L’âme de Kôtarô contemplait la mer, Medoruma Shun
L’âme de Kôtarô contemplait la mer, traduitdu japonais par Myriam Dartois-Ako, Véronique Perrin et Corinne Quentin, janvier 2014, 285 p. 21 €
Ecrivain(s): Medoruma Shun Edition: Zulma
Six nouvelles qui nous embarquent pour un Japon un peu particulier, le Japon de l’enfance de l’auteur, l’île d’Okinawa qui est restée sous administration américaine pendant vingt-sept ans. Nous sommes ici dans l’ambiance d’une période qui précède et suit la rétrocession en 1972.

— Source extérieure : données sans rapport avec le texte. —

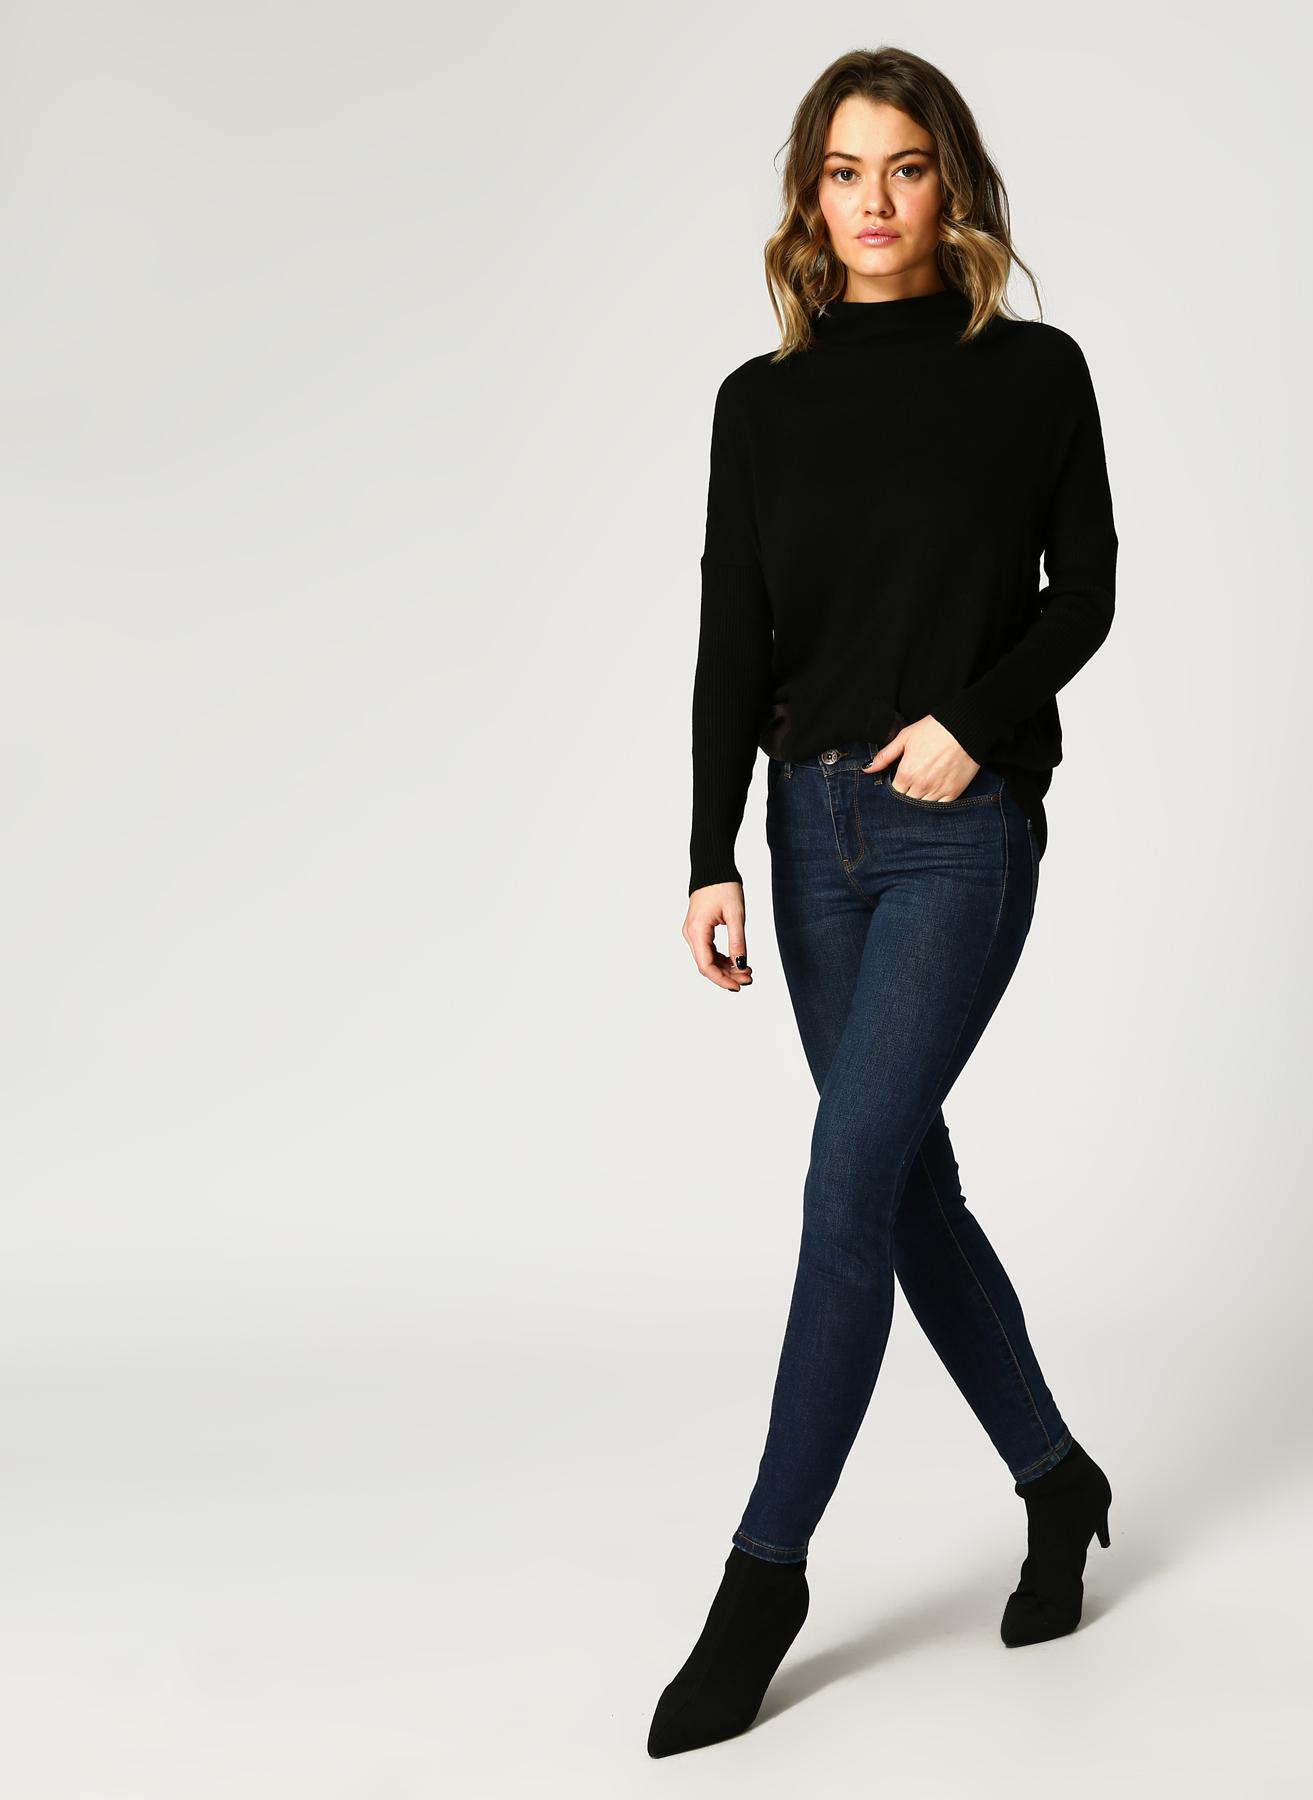 Vero Moda Mid Rise Slim Koyu Mavi Denim Pantolon 32-32 5001820895002 Ürün Resmi

« J’étais alors en quatrième année de primaire. L’inquiétude ambiante chez les adultes du fait qu’Okinawa serait restitué au Japon l’année suivante se propageait jusqu’à nous, les enfants. (…) après la rétrocession au Japon est-ce qu’il neigerait à Okinawa ? Est-ce que les cerisiers se mettraient à fleurir en avril ? ».
Dans ce contexte incertain de crise identitaire, se confrontent et se confondent une Histoire en marche avec les croyances et traditions ancestrales très vivaces, d’une société insulaire encore rurale, surtout dans le nord. C’est dans ce terreau que prennent racine les nouvelles de ce très beau recueil. Le monde des ancêtres et des esprits de la nature est encore très présent au quotidien, nous ne sommes pas encore dans la trépidation folle de la modernité. L’écriture de Medoruma Shun est douce, délicate, poétique, enveloppante et même envoûtante comme dans Mabuigumi-L’âme relogée, la nouvelle qui a inspiré le titre du recueil :
« L’âme de Kôtarô était assise à la même place dans la même attitude. Le soleil s’était radouci et la couleur de la mer était enveloppée d’une lumière pâle, une lune blanche flottait auprès des gros nuages mafflus qui grimpaient à l’horizon », et dans celle, peut-être la plus belle et la plus poignante de toutes, intitulée Avec les ombres :
« Moi j’aimais bien me tenir dans la clairière du sanctuaire, les yeux fermés j’écoutais le chant des oiseaux, les insectes et le bruissement des feuilles, je respirais l’odeur de la forêt, un mélange de feuilles mortes, de terre, d’eau, de fleurs et d’écorce d’arbre, je sentais que les divinités de la forêt sacrée me regardaient. Je restais debout et j’avais l’impression de devenir un arbre ou une plante, mon corps bourgeonnait ici et là, des fleurs s’épanouissaient au bout de mes doigts, je devenais légère comme un voile de mariée, prêt à s’envoler, c’était comme si mon corps se déployait pour se mêler à la forêt. Je pouvais passer des heures là-bas sans m’en lasser ».
Cette nouvelle relate pourtant une histoire triste et même violente. Dans leur ensemble, ces nouvelles évoquent, dans une langue sensible, subtile et pleine de fraîcheur, les choses de la vie, du quotidien, des souvenirs d’enfance mais aussi les premiers émois contrariés d’adolescents : « C’était un fil incroyablement long et fin. Parallèle à la surface de l’eau, il émettait une lueur fragile et pure qui apparaissait et disparaissait tour à tour au gré du vent. Nous étions fascinés par cette lumière. L’épaule de S. a bougé. Il a passé son bras dans mon dos, m’a enserré le torse par le côté et m’a enlacé. – Ne bouge pas ! a-t-il murmuré, sa joue plaquée derrière mon oreille », peut-on lire dans Rouges palmierset puis la violence conjugale et le suicide dans La mer intérieure, la soumission et la rébellion face aux hiérarchies sociales et les rapports familiaux, notamment dans Coq de combat, mais aussi le déclin et la disparition des cérémonies rituelles. Elles parlent d’amitié, d’amour, de vieillesse, de solitude, de différences et d’esprits errants entre les mondes, un peu comme les gens eux-mêmes qui évoluent entre passé et présent. Vraiment un remarquable et original voyage dans l’âme profonde du Japon.